I close the door to my room behind me and collapse onto the bed, my pulse pounding an erratic beat inside my ears. I try to count my breaths, to close my eyes and be present, but none of the usual tricks work.
This is not the first time my face has been plastered on the cover of trashy tabloids. It comes with the territory, particularly post-breakup. After my first boyfriend in LA, Sebastian, it was a circus. Word was he was cheating with one of his backup singers. Then: all his backup singers.
After Caleb, I was the one who was moving on too fast. I was “heartless” and “career obsessed” for ending things and moving to New York when my second album took off and his, well, didn’t. I could have set the record straight, done an interview and insisted that he broke up with me, but Terry was sure it would only make things worse. The best thing to do with this kind of press is ignore it. Days later, it’s always somebody else’s heartbreak, someone else’s mistake—real or fabricated—staring back at the world from the checkout racks.
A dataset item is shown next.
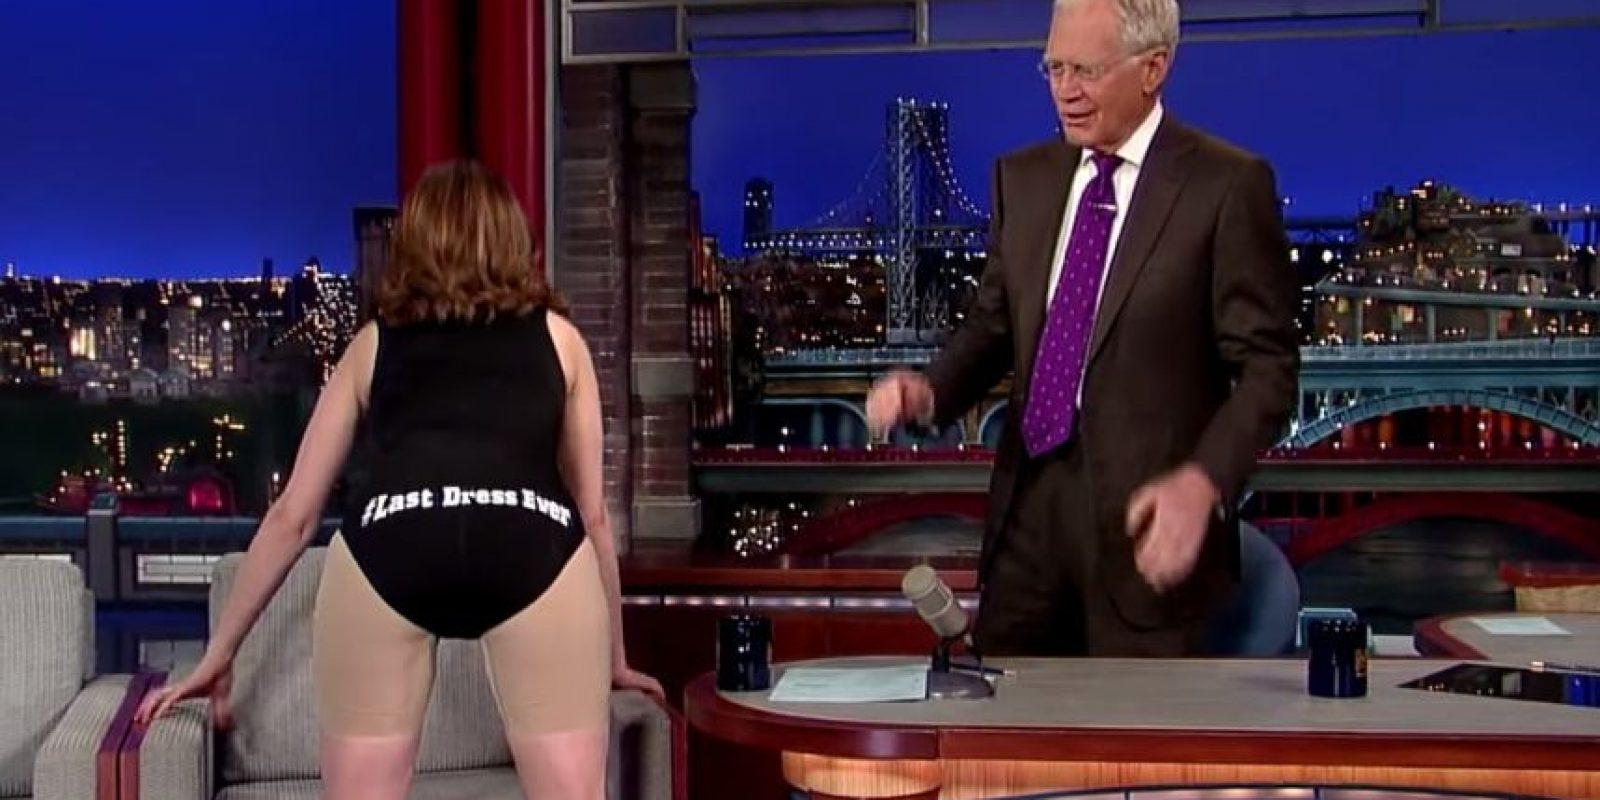 Además de que mostró algunas frases graciosas Foto:Late Show with David Letterman

But this time, somehow, I’m not prepared. Being here, away from everything, it’s easy to forget that the world is still chugging along. Jed is still touring, answering questions, being who his fans want him to be. I’m not. I’m nowhere. So I’m fair game.
I open the magazine on top and flip slowly to the center spread. It’s all there. Our last dinner date. The stupid soup. A grainy shot of me watching Jed’s car as it sped away, spare keys dangling in one hand, staring after him like an abandoned puppy.
I quickly scan the poorly written copy, quoting various “inside sources” about our relationship, how it had been stalled for months. “Lily is ready to settle down, and Jed isn’t. The pressure became too much.”
I scoff. Pressure? The only thing I ever pressured him to do was sleep in on Sundays and eat fewer carbs. Tess was right. There’s not a single kernel of truth to be found anywhere.
But as my eyes travel down the page, they land on a quote that makes my stomach drop. “Sources say that Lily’s new album, Forever, was a promise to Jed. A promise he wasn’t ready to make. ‘It was never the big, epic romance everyone wanted it to be,’ says one inside source. ‘Maybe Lily thought they were Forever, but Jed never saw it that way. Just last month she wanted him to fly home to meet her family. He pretended he was busy with work, but really he thought things were moving too fast.”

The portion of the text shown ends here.